# Thevenin’s Theorem

In this article we are going to analyse the Thevenin’s Theorem along with an example.

#### Thevenin’s Theorem

Fig.1 shows a network enclosed in a box with two terminal A and B brought out. The network in the box may consist of any number of resistors and e.m.f. sources connected in any manner.

Fig.1

According to Thevenin, the entire circuit enclosed in the box can be replaced by a single source of e.m.f. called Thevenin voltage (ETH) in series with a single resistance called Thevenin resistance RTH  as shown in Fig.2.

Fig.2

The value of ETH  and RTH are determined by using Thevenin’s Theorem.

Once Thevenin’s equivalent circuit is obtained, then current thorough the load resistance RL connected across AB can be found out by using the following equation :

I = ETH /( RTH + RL )

Thevenin’s theorem as applied to d.c. circuit and may be stated as :

Any linear, bilateral network having terminals A and B can be replaced by a single source of e.m.f. ETH in series with a single resistance RTH.

•  The e.m.f. ETH is the voltage obtained across the terminal A and B, with no load connected to it i.e. It is open circuited voltage between terminal A and B.
• The resistance RTH is the resistance of the network measured between terminal A and B with load removed and voltage sources replaced by their internal resistances. Ideal voltage sources are replaced with short circuits and ideal current sources are replaced with open circuits.

Let’s understand this by considering a circuit  as shown in Fig 3 below:

Fig.3

Here we have replaced the circuit inside the enclosed box with with a circuit having one voltage source V and three resistances R1, R2 and R3.

According to Thevenin, the circuit behind the terminal A and B can be replaced by a single voltage source ETH in series with a single resistance RTH  as shown in Fig.4.

Fig.4

ETH is the voltage across the terminal AB with RL removed. As RL is removed, there will be no current in R2 and ETH will be the voltage across R3.

ETH = Voltage across R3

= Current through R3 × Resistance R3

= [V / (R1 + R3)] × R3

To find  RTH, remove the load resistance RL and replace the voltage source by a short circuit as it is assumed that the voltage source is ideal one, hence it has no  internal resistance.

Now the resistance measured between A and B is equal to RTH

If we look into the circuit, we can see that R1 and R3 are in parallel and this parallel combination is in series with the resistance R2 .

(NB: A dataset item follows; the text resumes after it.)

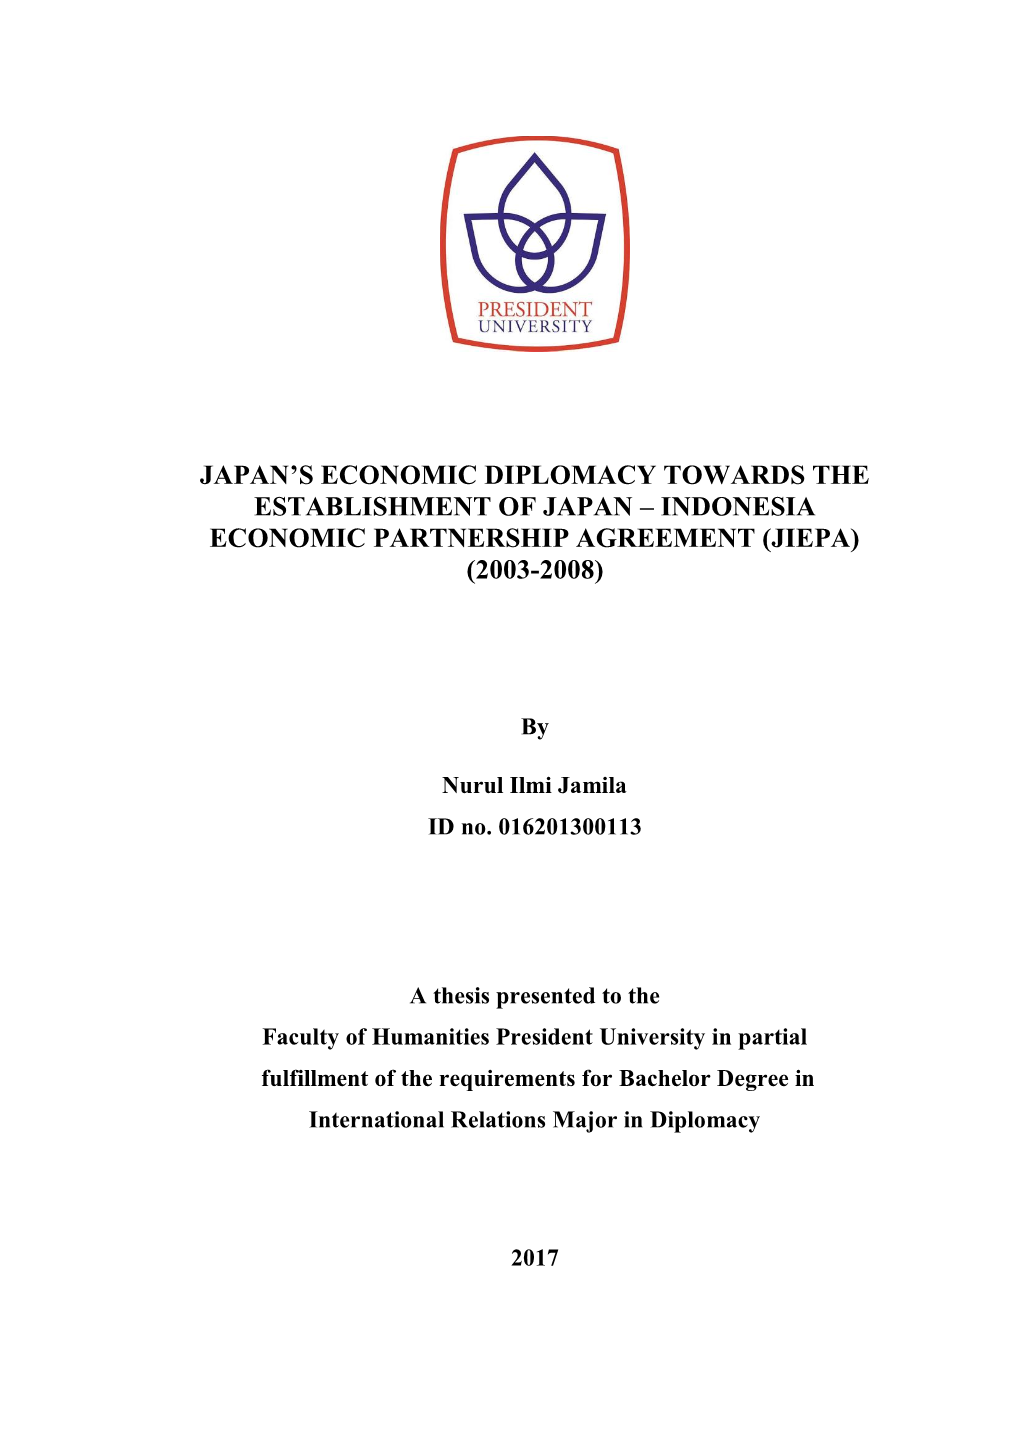 Japan's Economic Diplomacy Towards East Asia: Fragmented Realism and Naive Liberalism." S

So, RTH = R2 + [(R1 ×R3 ) /(R1+R3)]

When load resistance RL is connected across terminal AB, the current in RL is given by :

IL= ETH / (RTH + RL)

Example: Determine Thevenin Equivalent circuit for the below circuit shown in Fig.5.

Fig.5

Fig.6

##### Step 2 : Calculate the Thevenin Voltage

We can see from the Fig.6 that it is a simple circuit with a voltage source and three resistances. As RL is removed, there will be no current in the  3 Ω resistor.

So, Thevenin voltage (ETH ) will be equal to the the voltage drop across the 6Ω resistor.

To find out the voltage drop across the 6Ω resistor, we need to find out the current through it.

So, current through 6Ω resistor =  12 V / (2Ω +6Ω ) = 1.5 A

Hence  ETH = Voltage drop across 6Ω resistor = 1.5 A × 6 Ω = 9 V

##### Step 3:  Calculate the Thevenin Resistance

To find  RTH, remove the load resistance RL and replace the voltage source by a short circuit as it is assumed that the voltage source is ideal one.

Fig.7

Now the resistance measured between A and B is equal to RTH

We can see from the Fig.7 that the 2 Ω resistor  and 6 Ω resistor are in parallel and this parallel combination is in series with the resistance 3 Ω resistor .

So, RTH = 3+ [(2×6 ) /(2+6)] = 4.5 Ω

##### Step 4 : Draw the Thevenin Equivalent Circuit

So, the Thevenin Equivalent circuit will be :

Fig.8

Many times while analyzing power systems and other circuits we come across some circuits where one particular resistor in the circuit i.e. the load resistor, is subject to change. In such cases Thevenin’s theorem comes as  a great rescue.

As, in such circuits, re-calculation of the circuit is needed with each trial value of load resistance to determine the voltage across it and the current through it. Hence, Converting the power system circuit to its Thevenin equivalent can greatly simplify this problem.